Outside, of course, there are people who have different views. More people should listen to the science about the COVID-19 pandemic, about the important role that vaccinations must play in keeping us all safe and about the role of the public health measures. There has been enormous pain in our community as a result of the public health measures that have had to be taken, in no small part because of the failure of Mr Morrison to deliver vaccines on time, to get rapid antigen tests out there and to ensure there's personal protective equipment in aged care. These are the things that have driven the pandemic and made things harder for ordinary Australians. But what we've got out the front, which Senator Rennick and Senator Antic and Mr Christensen are urging on with all the others down there, is a group of fascists and fringe dwellers and some fixated persons. A person was arrested out there with a sawn-off rifle last week, and there are people over here, and Mr Morrison, who think that's not a problem. What does it take for the modern Liberal Party, and what passes for the National Party these days, to take these things seriously? When people assemble outside parliaments with nooses, it has consequences. It's not reasonable debate; it's a threat of violence. I saw yesterday what happened to the British Labour leader, with loops and extremists chasing him down the street. The good work of the protective services in the United Kingdom is what saved him from a very serious assault.
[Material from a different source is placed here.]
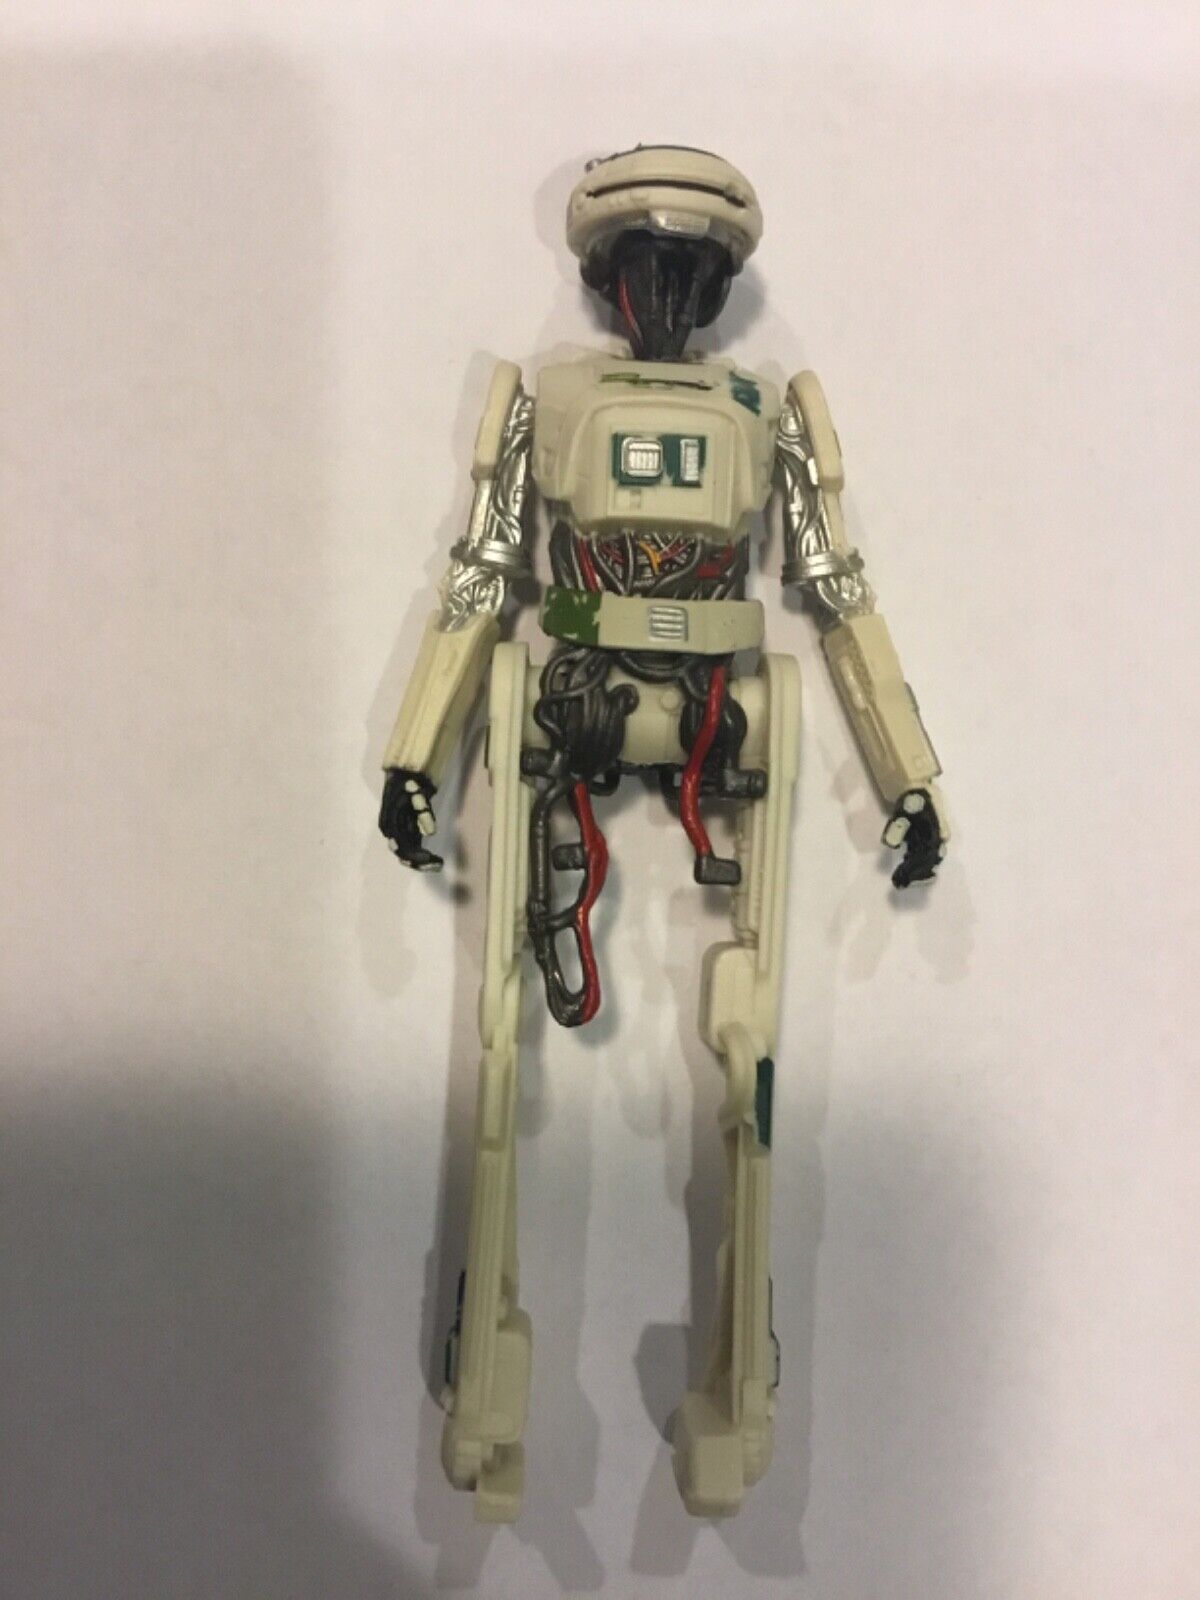 Solo A Star Wars Story Force Link 2.0 L3-37 Complete 3.75" Action Figure - loose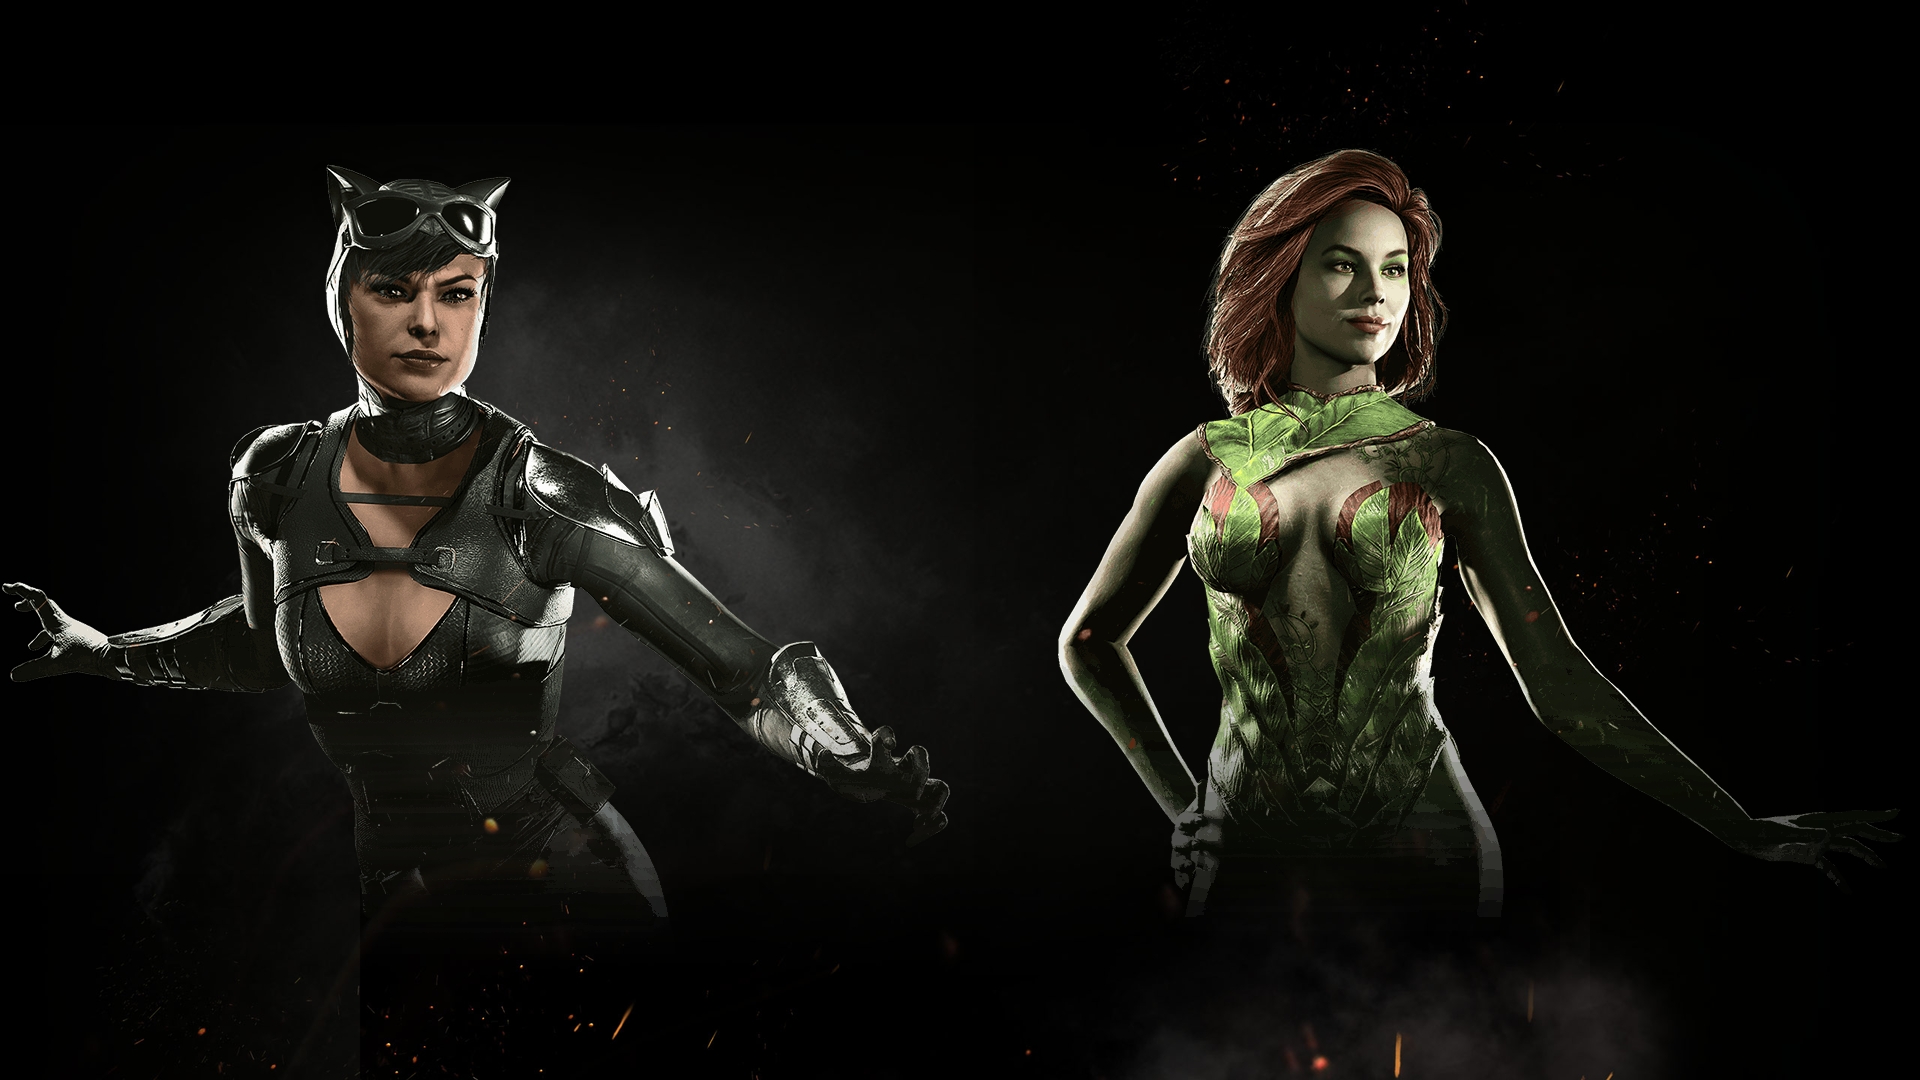 New 'Injustice 2' trailer shows Catwoman and Poison Ivy in action...

The truth is that Australians do not support this madness. They have voted with their feet. Well over 90 per cent have received two doses of the vaccine. Australians trust scientists, they trust healthcare professionals and they trust each other. But Mr Morrison has failed to stand up to the extremists on his own back bench, and we know why. In one of his occasional truth bombs—we had another one last week, via text—Mr Joyce made it clear why Mr Morrison won't take Mr Christensen on: it's because Mr Morrison relies upon Mr Christensen's vote over there in the House, and Mr Joyce relies upon Mr Christensen's vote in the Nationals party room. There's not an ounce of political courage or principle left in this Prime Minister—no courage and no principle. He has kowtowed to extremists and kowtowed to violent political extremism, and, as a consequence, it's become more and more prominent in the Liberal Party.

Mr Christensen still sits in the party room. He still has a vote in the caucus, and those opposite, who know this man much better than we do, have known for a very long time how dangerously off course he has gone. I've said it; I wrote to Minister Andrews in November last year, and to the Australian Federal Police, when I saw threats of political violence—direct threats—made on Mr Christensen's Telegram account. There have been crickets from Minister Andrews and crickets from Mr Morrison. They have no capacity to stand up. And what do we have revealed today? Mr Christensen is spending tens of thousands of dollars of taxpayers' money, public money, every month—hundreds of thousands of dollars over his term in office—to propagate extremist political ideology, to make things worse and to undermine the public health message. Yet all we have here, and what I anticipate we're about to have, is some quisling defence based on free speech, as if anybody is arguing here about free speech.

We just want a prime minister who puts the national interest first, puts Australia first and puts Australian democracy first. I'm afraid we're going to have to wait for an election before we get one.